▶ What is needed
Return every line from the one with "RUNNING DAY__-1" through the one with "Wonderful Wallpaper Marvel", inclusive, exactly as it appears below.

▶ Record excerpts
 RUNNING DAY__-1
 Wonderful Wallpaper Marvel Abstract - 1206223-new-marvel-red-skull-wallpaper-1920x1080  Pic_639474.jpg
--
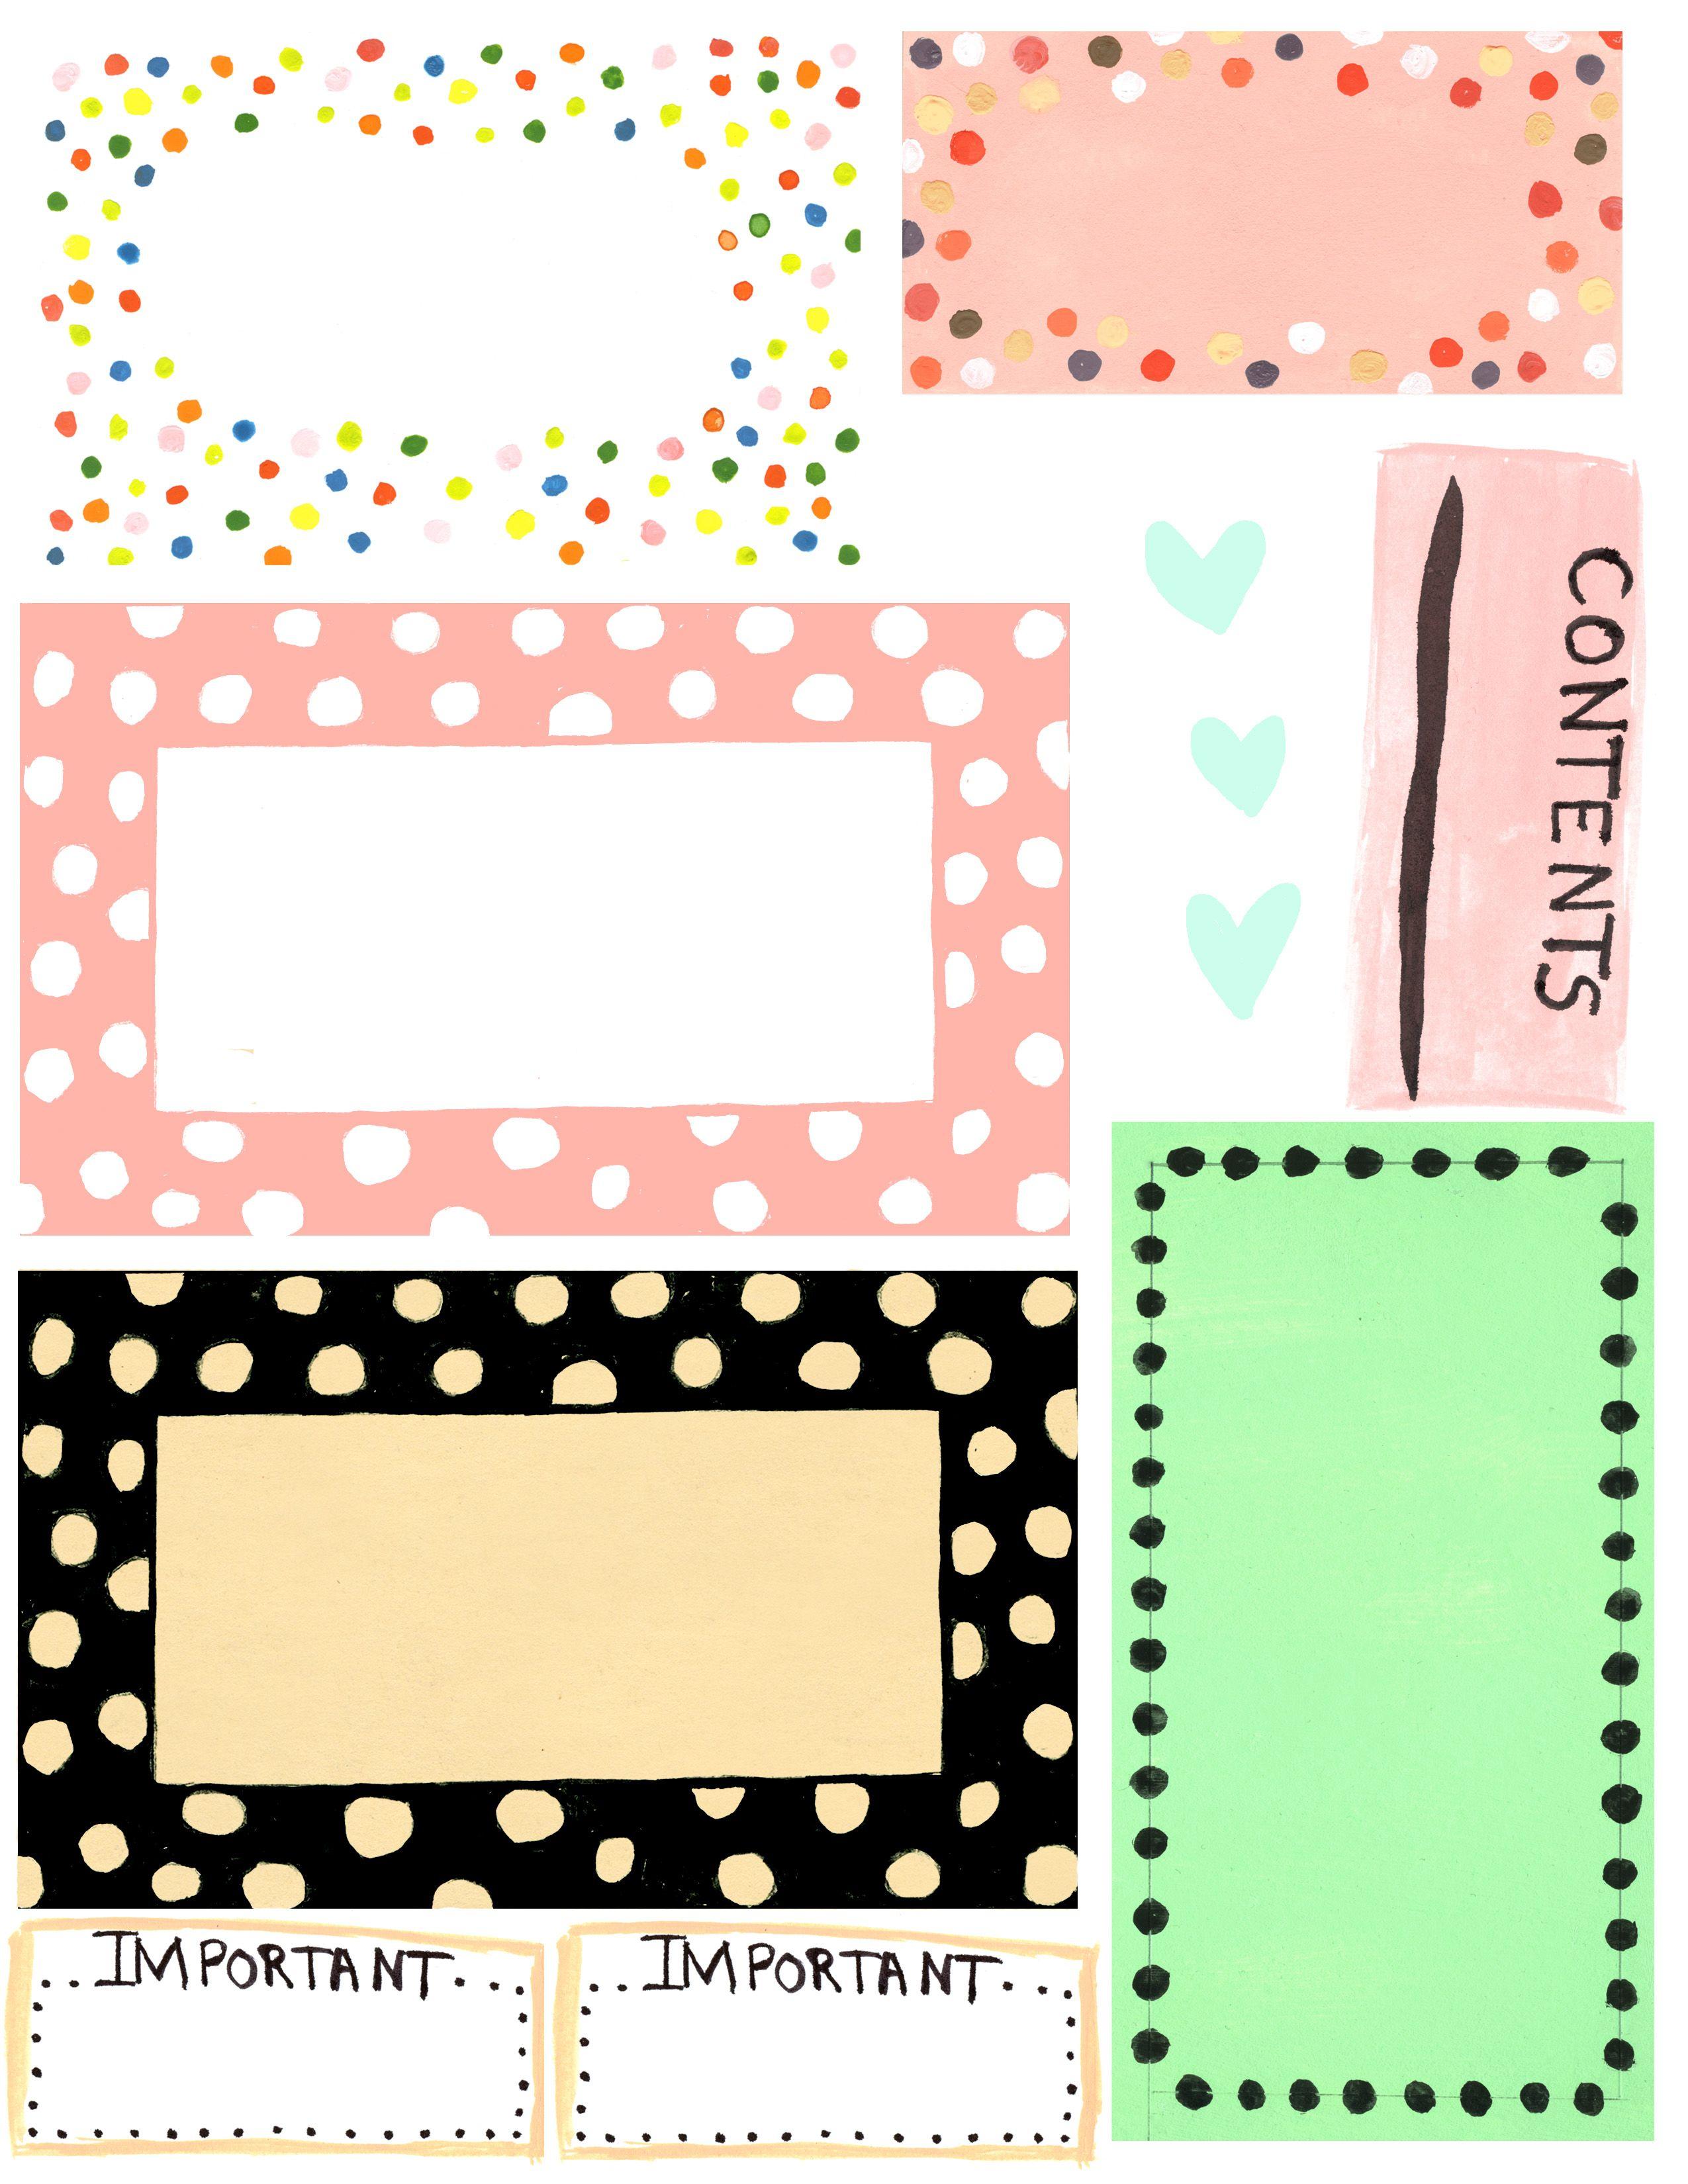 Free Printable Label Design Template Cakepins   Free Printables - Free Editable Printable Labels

▶ Your response
 RUNNING DAY__-1
 Wonderful Wallpaper Marvel Abstract - 1206223-new-marvel-red-skull-wallpaper-1920x1080  Pic_639474.jpg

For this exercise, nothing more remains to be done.